TASK STATEMENT: Starting at the line that contains "2012 2014 Homeless", write out every line through the end of the records exactly as it stands, and leave out all pictures.

(Data items)
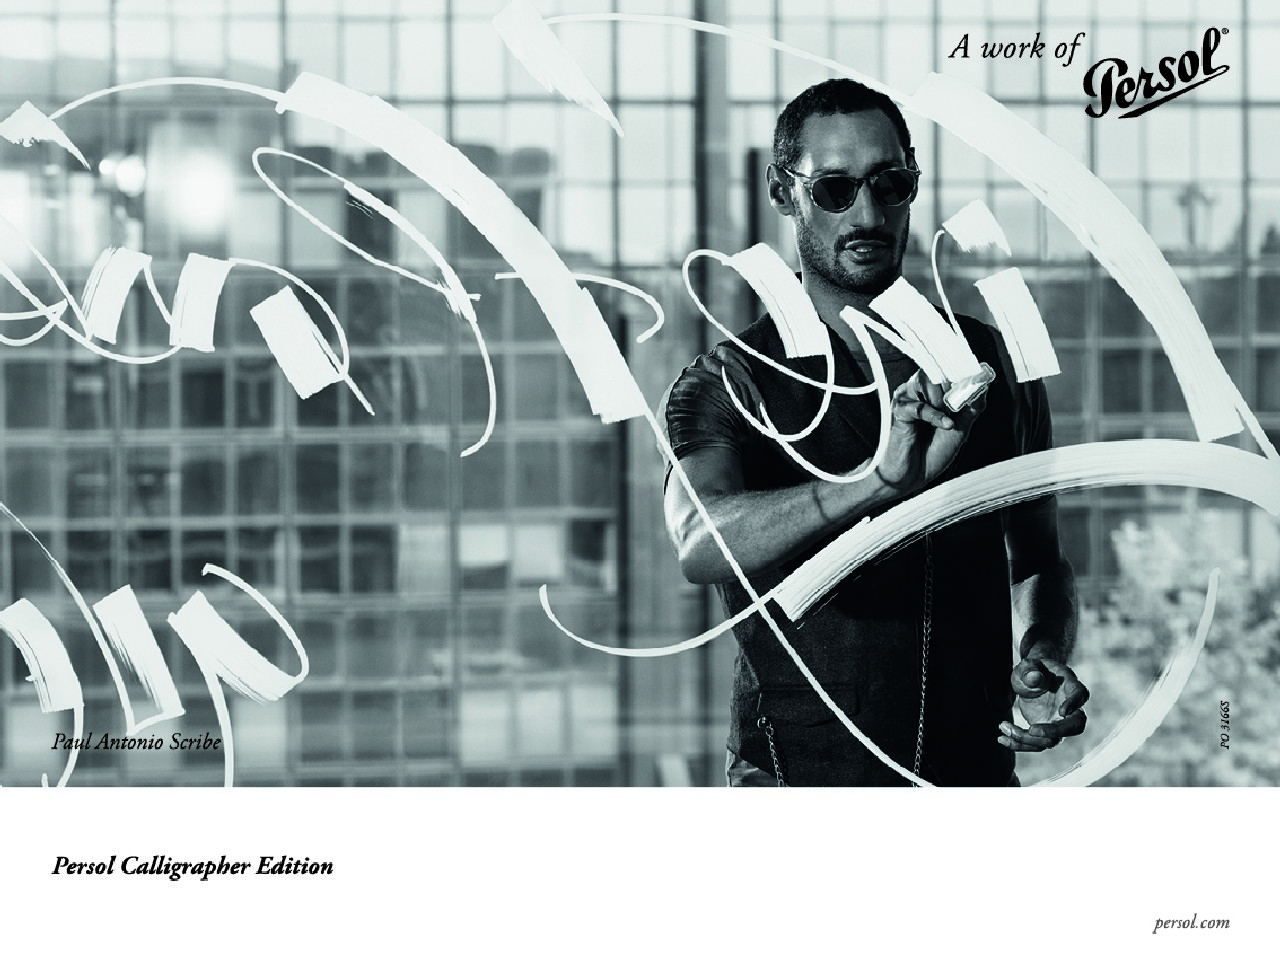 Persol occhiali Calligrapher Edition: Paul Antonio interpreta la nuova collezione e la campagna pubblicitaria
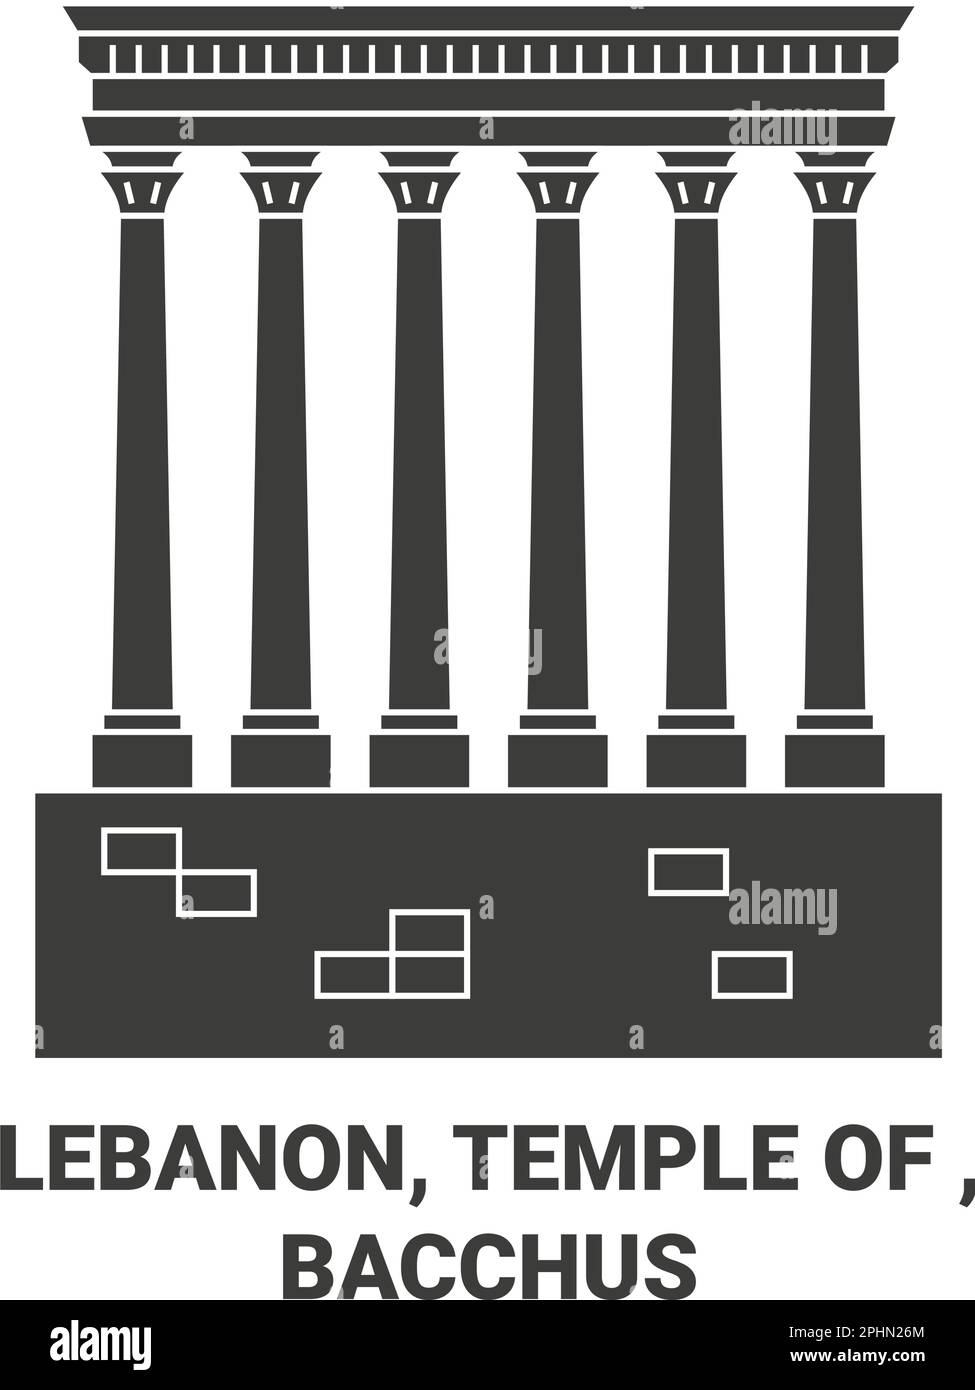 Liban, Temple de , illustration vectorielle de voyage de Bacchus Illustration de Vecteur
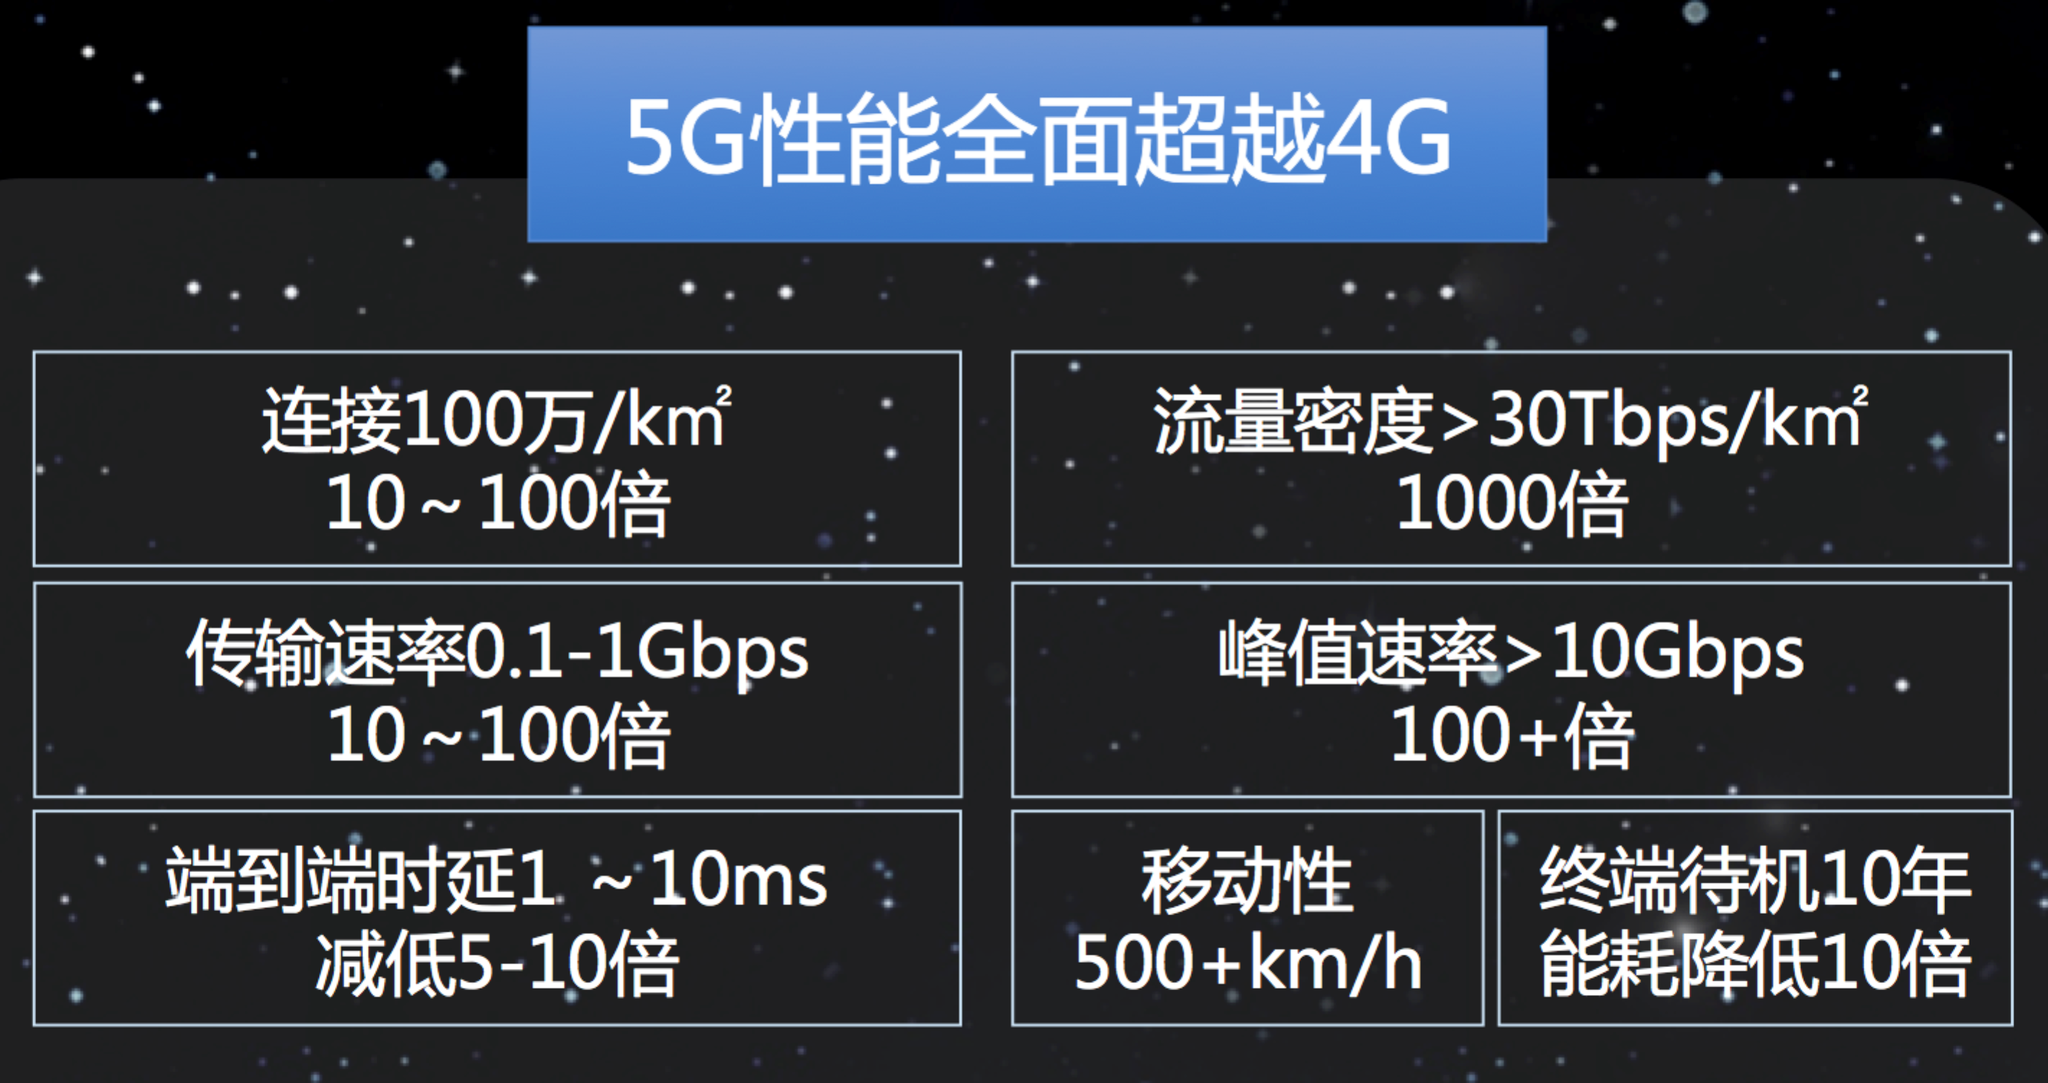 中国联通上海分公司打造5G足球场-国务院国有
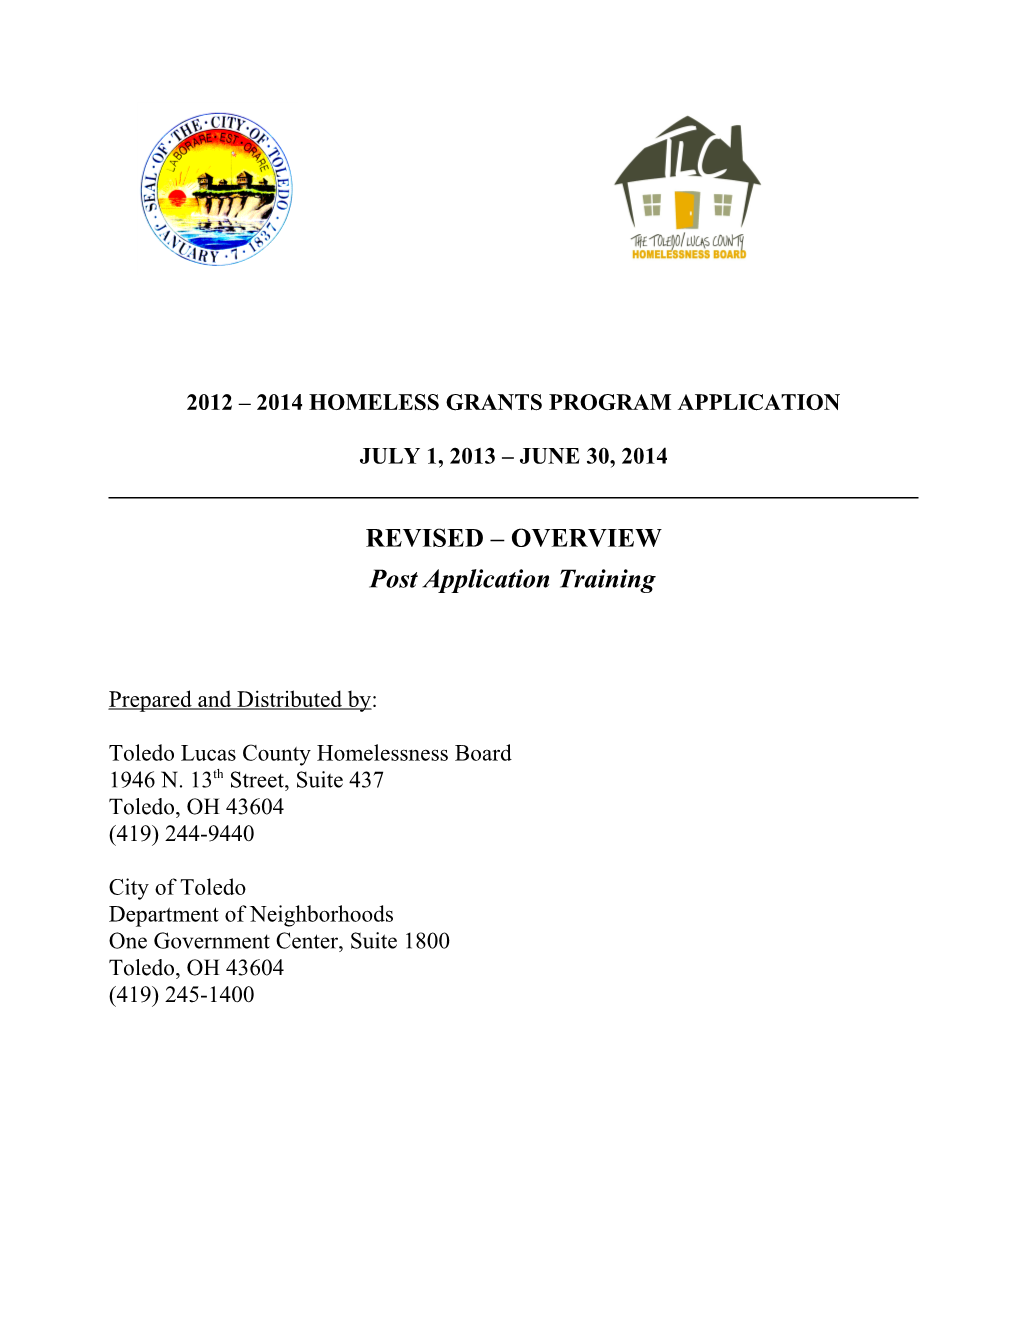 2012 2014 Homeless Grants Program Application
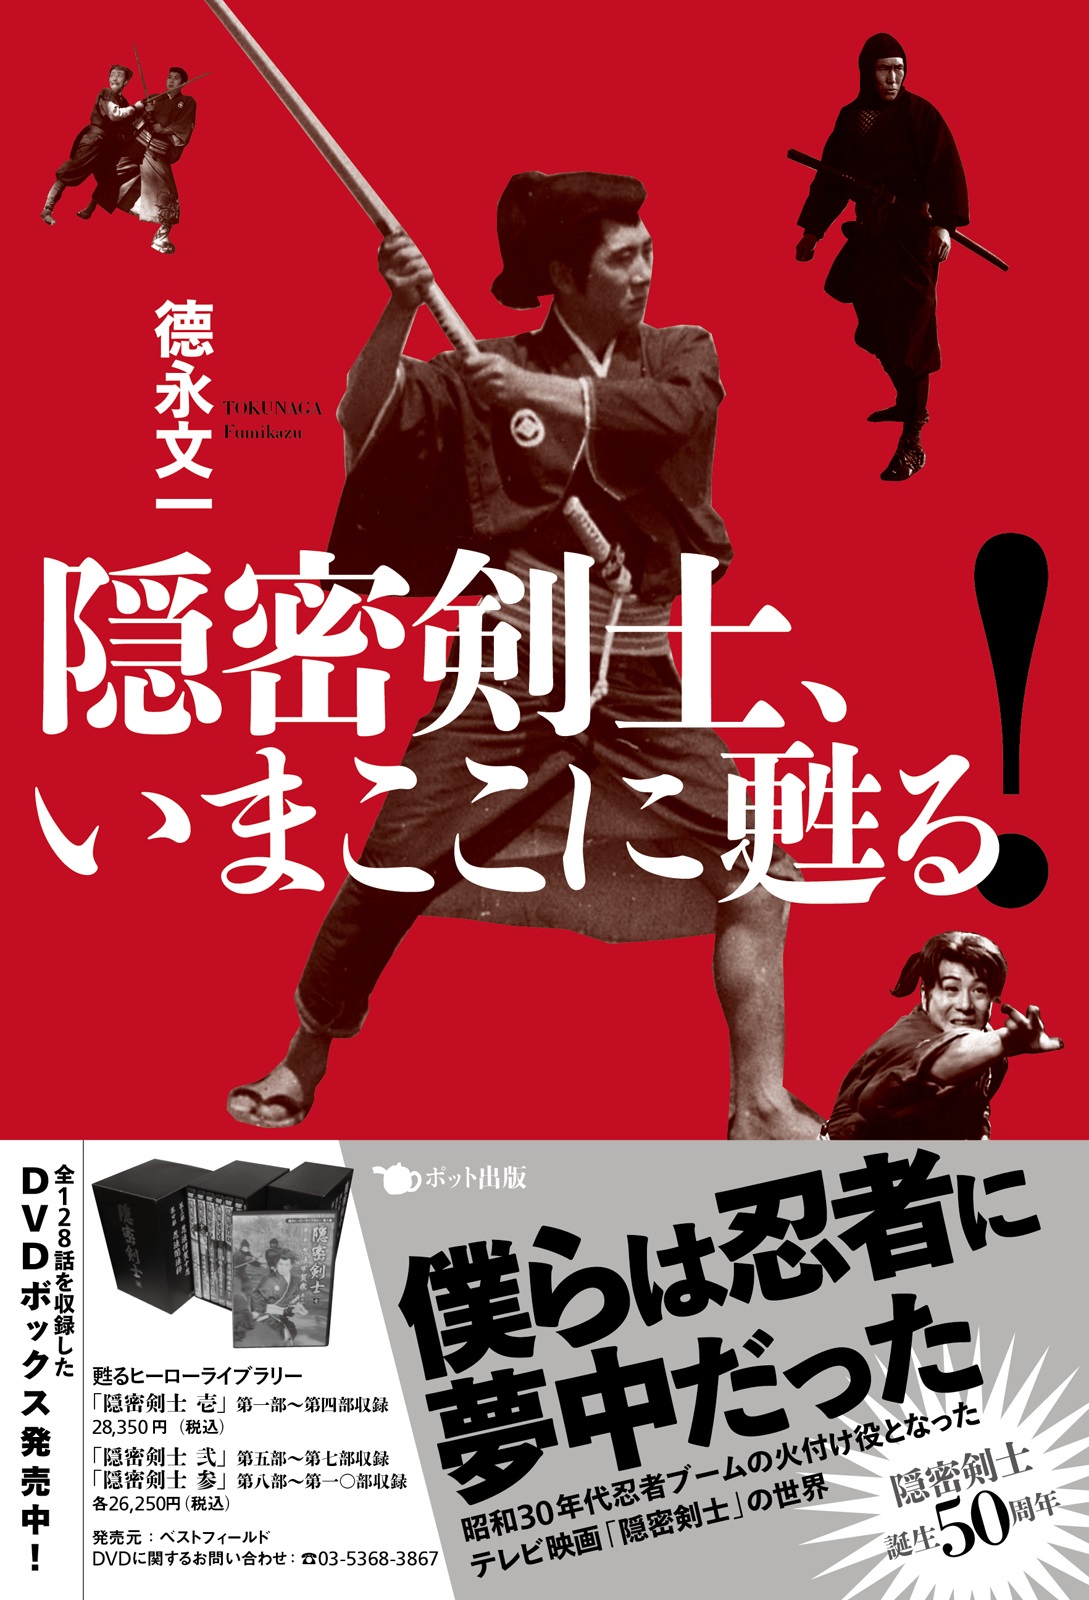 甦るヒーローライブラリー「隠密剣士 参」DVD-BOX www.krzysztofbialy.com

RESULT:
 2012 2014 Homeless Grants Program Application
 甦るヒーローライブラリー「隠密剣士 参」DVD-BOX www.krzysztofbialy.com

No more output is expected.